You're given a fair coin. The goal is to use it to generate a random decimal digit.
I didn't find any solutions on the internet, so I came up with one myself. It goes as follows:
Assign $0$ to heads and $1$ to tails. To the first ten binary numbers (starting with zero), assign the decimal digits from $0$ to $9$. Do the same to the binary versions of 10 through 19 and 20 through 29. The binary numbers corresponding to 30 and 31 must be discarded, and the procedure outlined below must be carried out again.
Toss the coin five times, this will generate a 5-tuple of ones and zeros. This 5-tuple can be viewed as a binary number (with the obvious condition to ignore the leading zero or zeros). By the assignment scheme outlined above, every 5-tuple corresponds to a decimal digit (except the binary 30 and 31 that should be ignored).

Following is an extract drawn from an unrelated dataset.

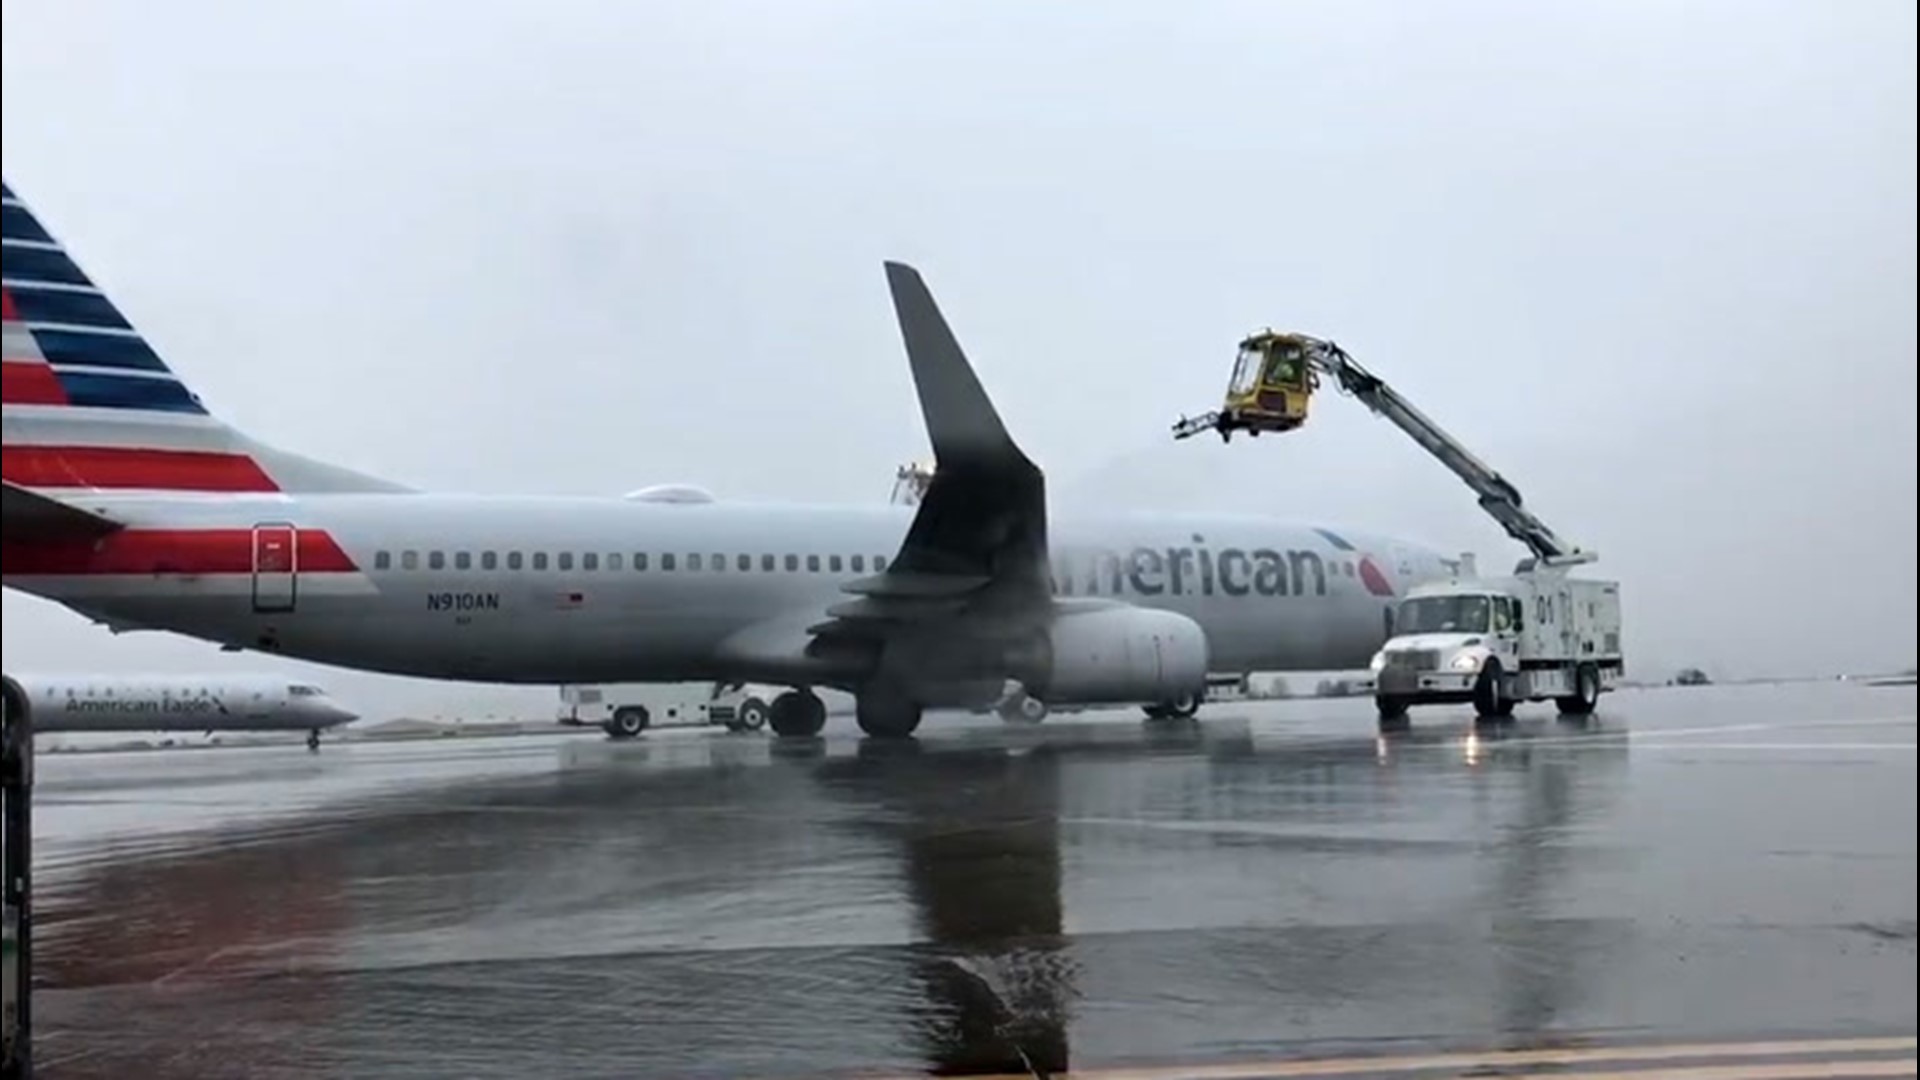 Planes at the Charlotte Douglas International Airport in North Carolina are getting defrosted due to winter weather on Feb. 20.

Note: I chose 5-tuples over 4-tuples because with 4-tuples, the whole procedure is less effective (a much larger portion of the possible outcomes must be discarded).
My question: Is there a simpler way to generate a random decimal digit using a fair coin than the one I've described?
This is a nice simple approach. If you just reroll entirely when you get $30$ or $31$ you use on average $\frac {32}{30}\cdot 5=\frac {16}3$ flips per digit.
You can do better at the cost of some complexity. You need at least an average of $\log_2 (10)\approx 3.322$ flips per digit. If you flip $10$ times you generate a number from $0$ to $1023$. If it is less than $1000$ you have three digits. If it is $1000-1019$ you have one digit. Ten flips then give you on average $\frac {1000\cdot 3 + 20\cdot 1}{1024}\approx 2.949$ bits or we use about $3.391$ flips per digit, which is not far from the optimum.
To do better yet, throw $332193$ flips and generate a huge binary number. Most of the time you will get $100\ 000$ decimal digits.